- Born: 18 November 1950 (age 75) Tamil Nadu
- Occupation: Bharatanatyam dancer
- Parent: V. Raghavan
- Awards: Sangeet Natak Akademi Award

= Nandini Ramani =

Indian Bharatanatyam exponent

Nandini Ramani is a Bharatanatyam exponent, dance critic, Sanskrit drama actress cum director and academician from Chennai, India. She is the daughter of V. Raghavan, a Sanskrit scholar and musicologist. She received several awards, including the Sangeet Natak Akademi Award for overall contribution. She held several positions including the executive board member of the Sangeet Natak Akademi, member of the general council of the Indian Council for Cultural Relations, and the secretary of the Madras Music Academy.

==Biography==
Ramani was born on 18 November 1950. Her Father V. Raghavan was a Sanskrit scholar and musicologist. She started learning Bharatanatyam at the age of five. She started acting in her father's Sanskrit plays when she was only nine.

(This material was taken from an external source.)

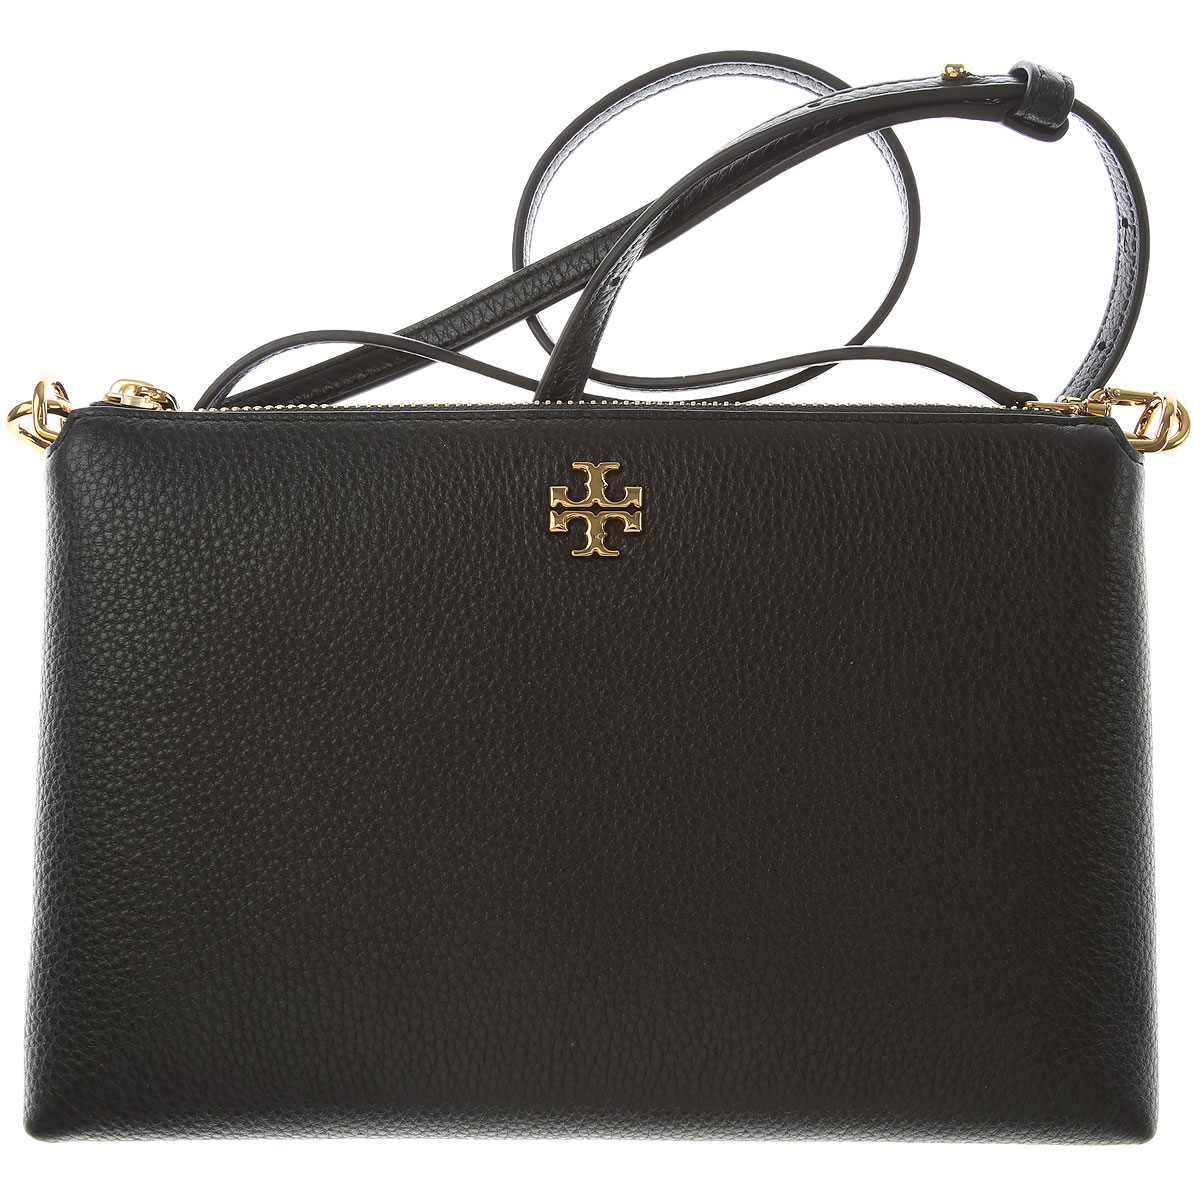 Handbags Tory Burch, Style code: 61385-001-C249

Her guru in language and writing was her father Raghavan. Dancer Thanjavur Balasaraswathi and Nattuvanar K. Ganesan were her dance gurus, while B. Krishnamurthy and T. Muktha were her music gurus.

== Career ==
Ramani is a person who has contributed in various fields, including Bharatanatyam dancer, Sanskrit drama actress cum director, art critic, writer, publisher, columnist, and TV presenter.

In Bharatanatyam, Nandini is a follower of Bala tradition, known by her guru Balasaraswati. Her arangetram (first stage performance) was in 1970. During 1973-78 period, she taught Bharatanatyam at the Bala Saraswati School of Bharatanatyam under Madras Music Academy. She is also a Carnatic music singer and is one of the few dancers who can sing while dancing.

Ramani has performed at many venues in and outside India and has toured the Netherlands regularly. She has performed at venues such as The Tropical Institute, Amsterdam, and the Music Center, Utrecht.

Ramani, who taught many people through her own dance school established in the 1970s, has students even outside India, especially from the US, Canada, and the Netherlands.

Having learnt Sanskrit from her father, she produces and directs Sanskrit plays under the banner of 'Sanskrit Ranga' founded by her father. Nandini scripted and directed an episode of the 13-part series 'Kalathai Ventavar', which was aired on Doordarshan.

Ramani was a member of the Executive Board of the Sangeet Natak Akademi and is currently a member of the General Council of the Indian Council for Cultural Relations. She also served as the secretary of the Madras Music Academy.

== Awards and honors==
Nandini has received several awards, including the Sangeet Natak Akademi Award for her overall contribution to the performing arts and the 'Natya Padma' award from the Brahma Gana Sabha. In 2023 July, she received the Kartik Rajagopal Memorial Award.

Nandini has also been honoured by giving titles like Natya Kala Sikhamani.